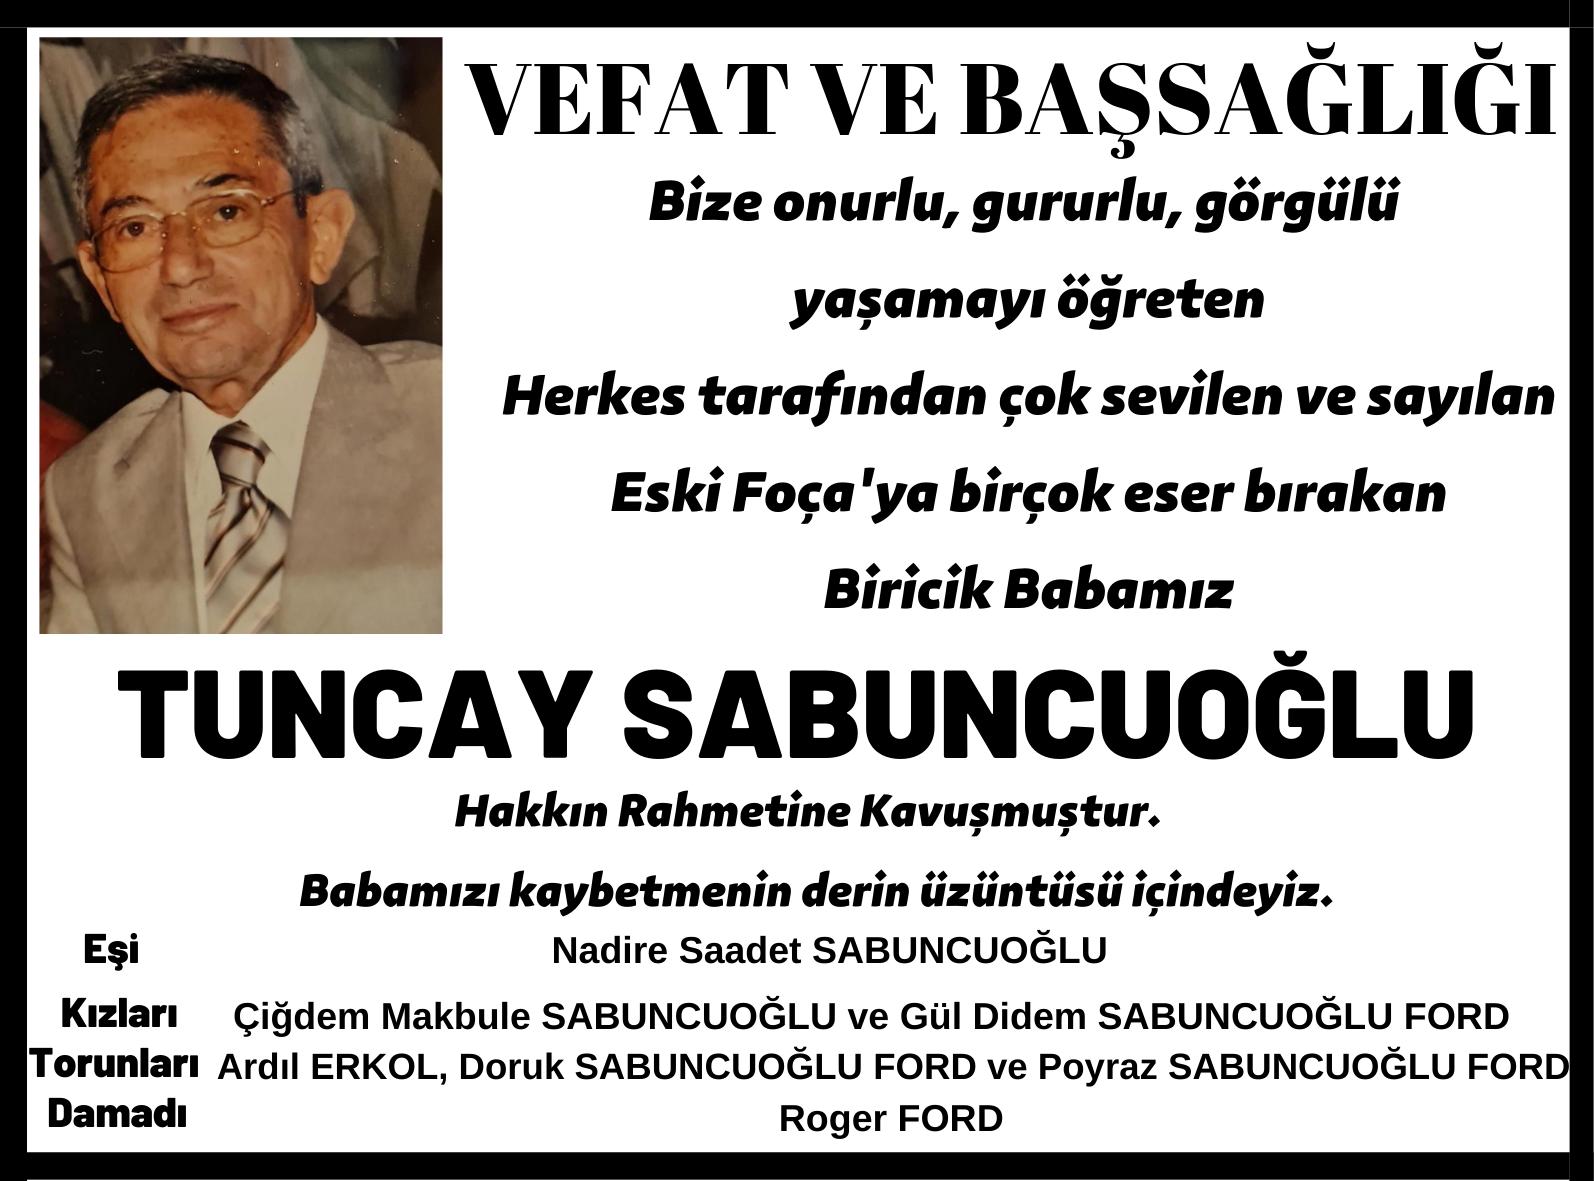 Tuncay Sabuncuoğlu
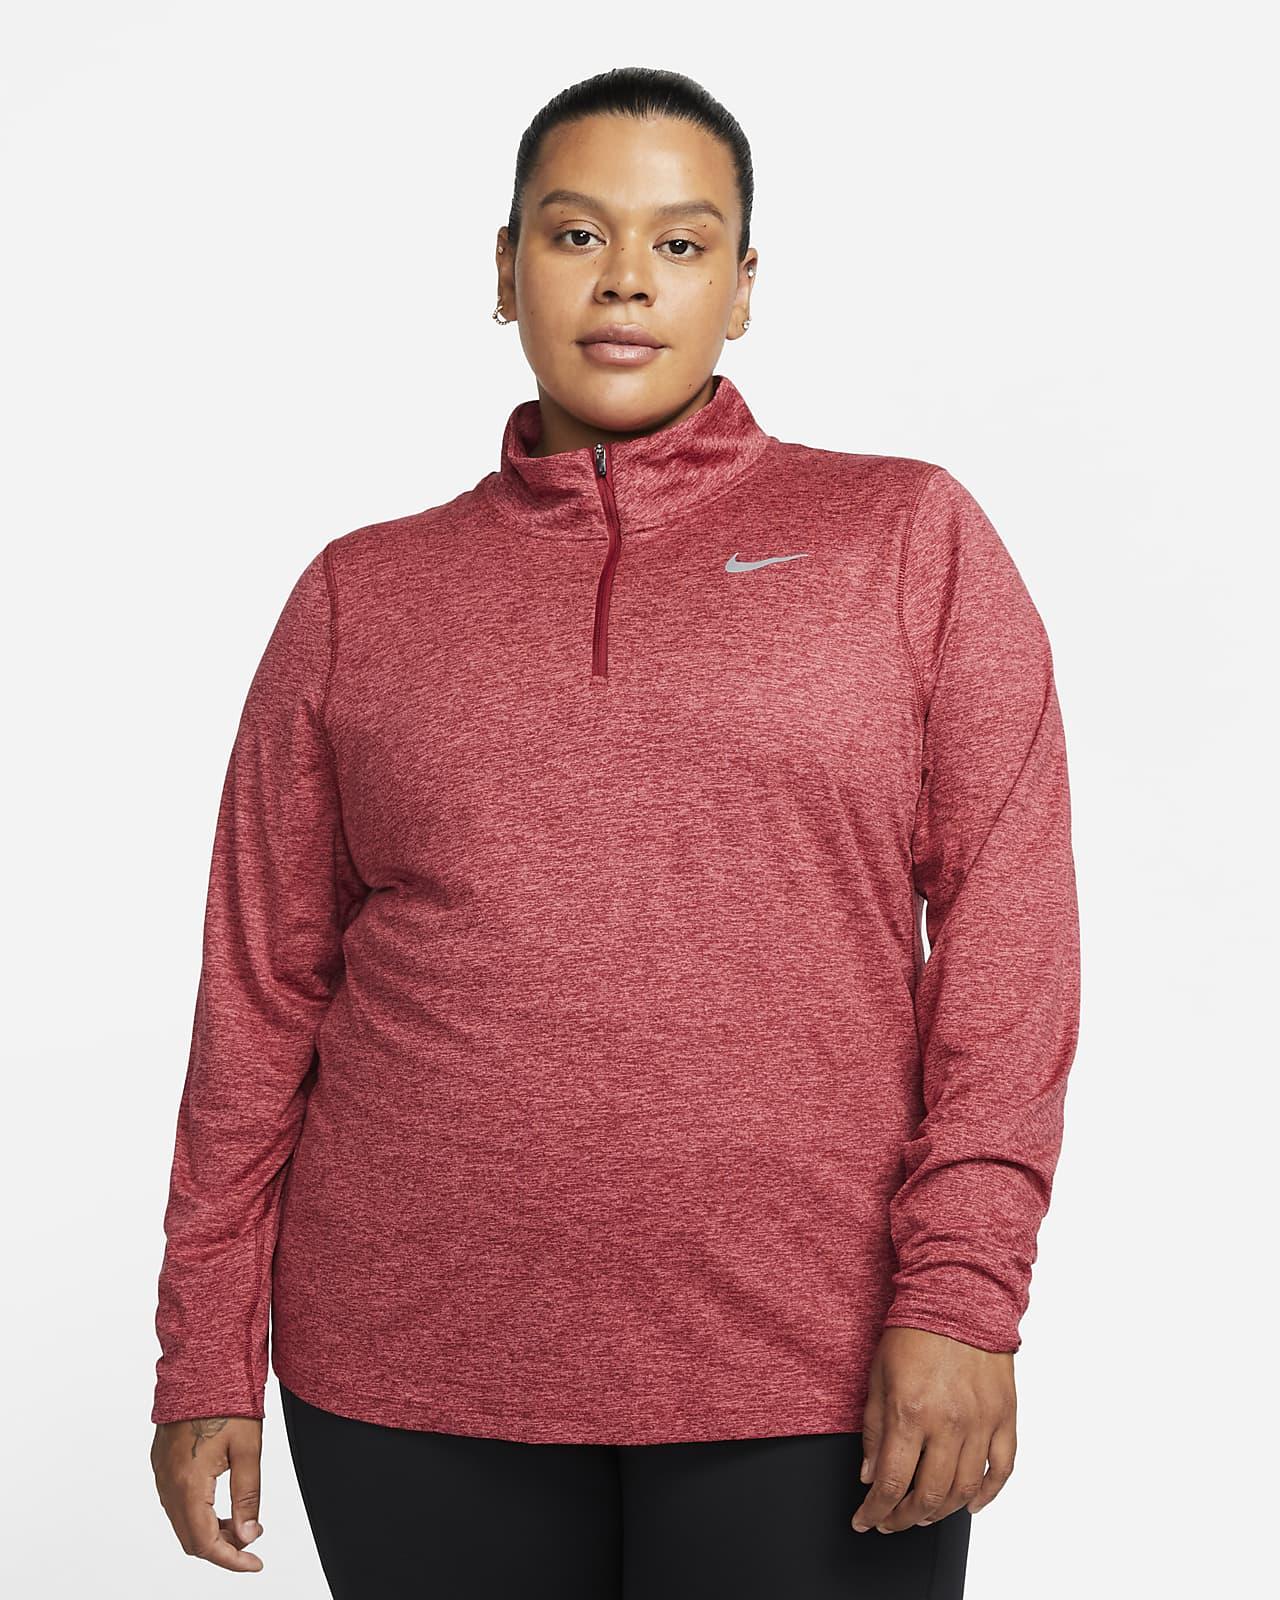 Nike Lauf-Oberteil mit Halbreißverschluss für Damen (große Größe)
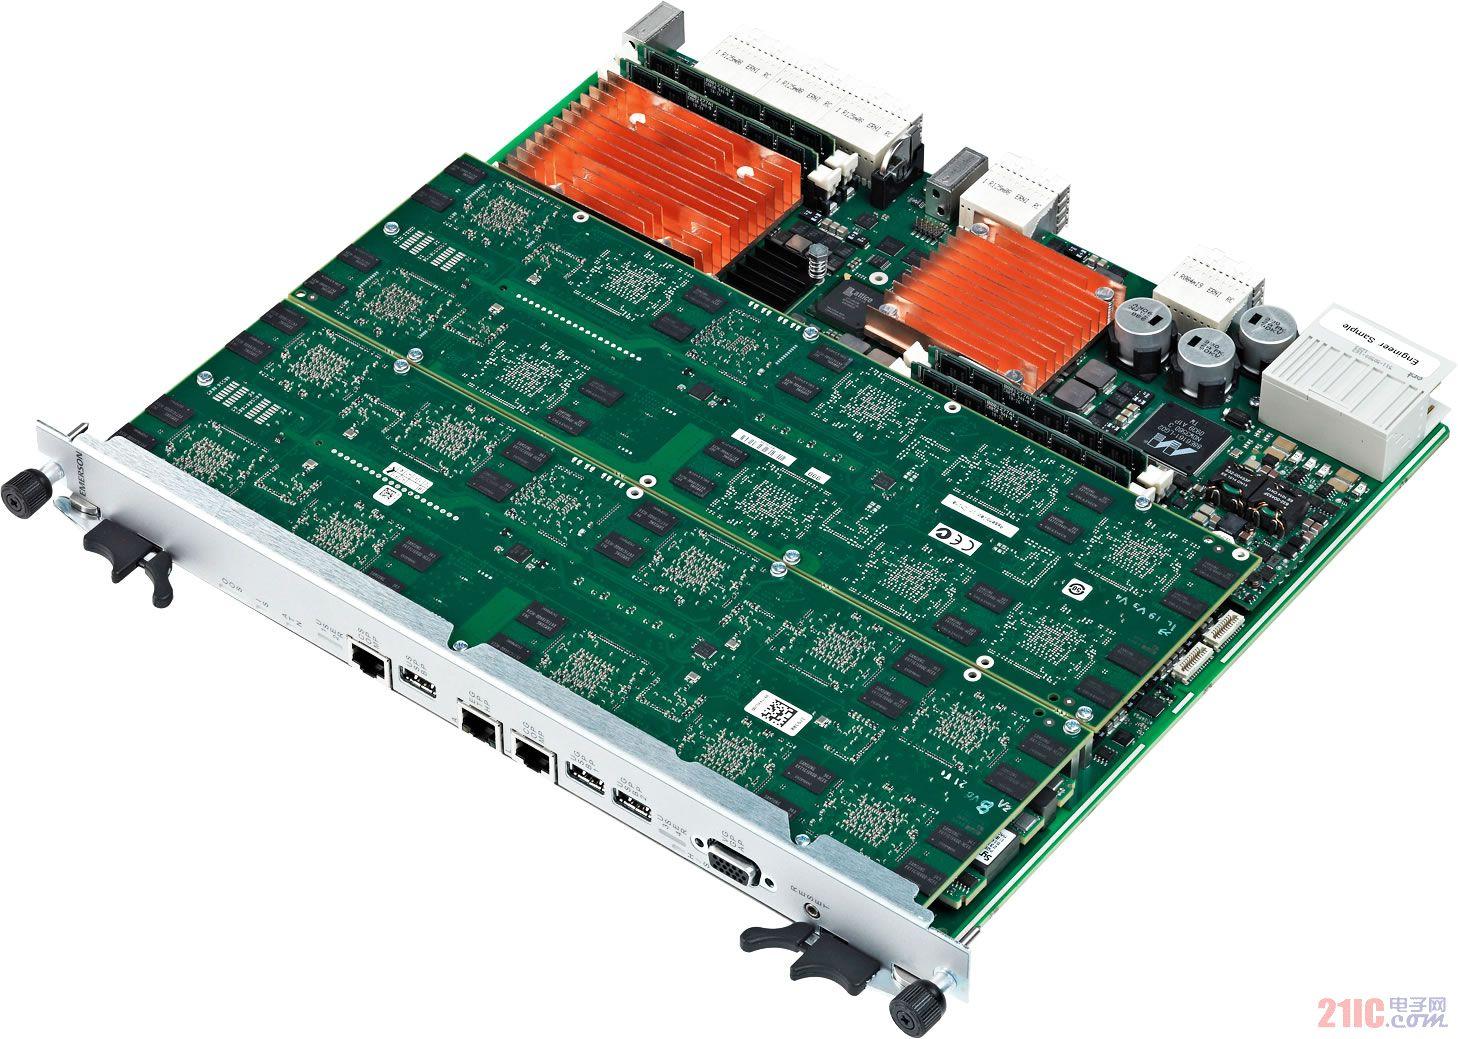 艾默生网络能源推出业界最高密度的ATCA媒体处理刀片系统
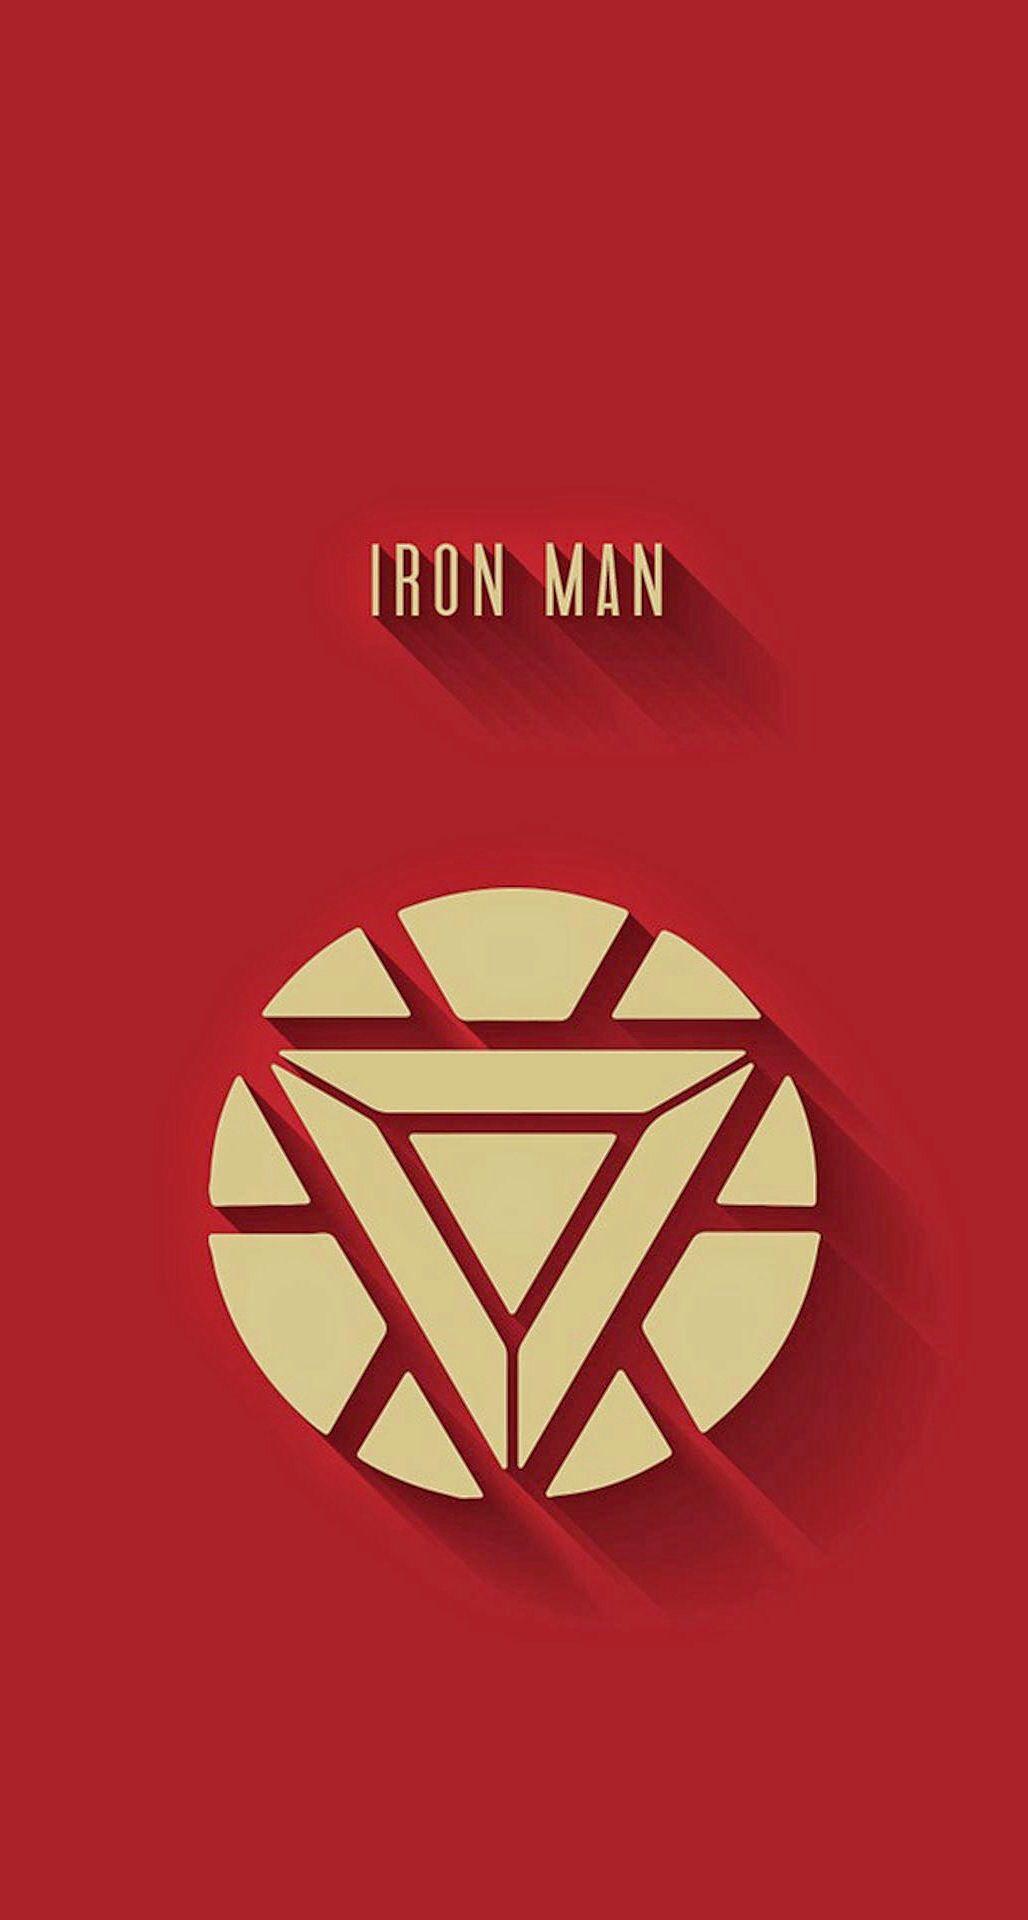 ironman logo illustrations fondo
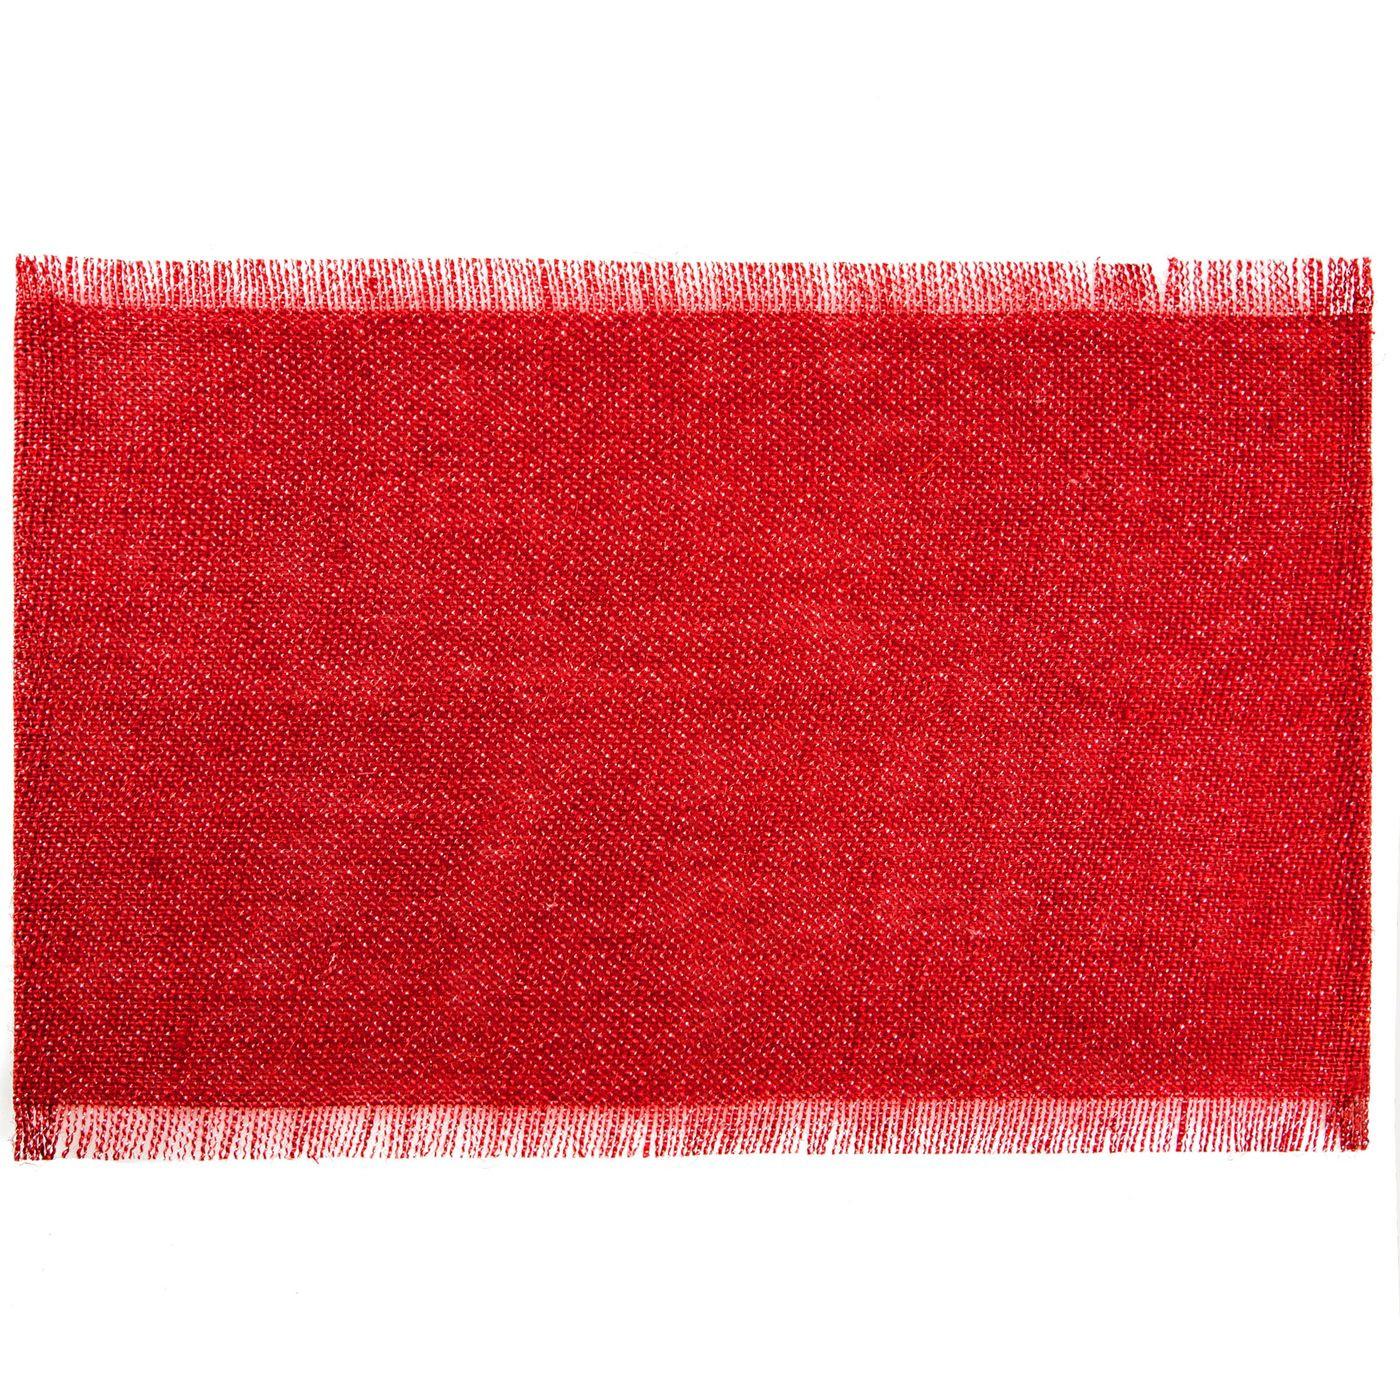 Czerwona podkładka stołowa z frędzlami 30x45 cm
..............................
**INSTRUCTIONS TO FOLLOW**
Omitting all images, print the listing exactly.

**EXERCISE RESPONSE**
 Tuncay Sabuncuoğlu
 Nike Lauf-Oberteil mit Halbreißverschluss für Damen (große Größe)
 艾默生网络能源推出业界最高密度的ATCA媒体处理刀片系统
 ironman logo illustrations fondo
 Czerwona podkładka stołowa z frędzlami 30x45 cm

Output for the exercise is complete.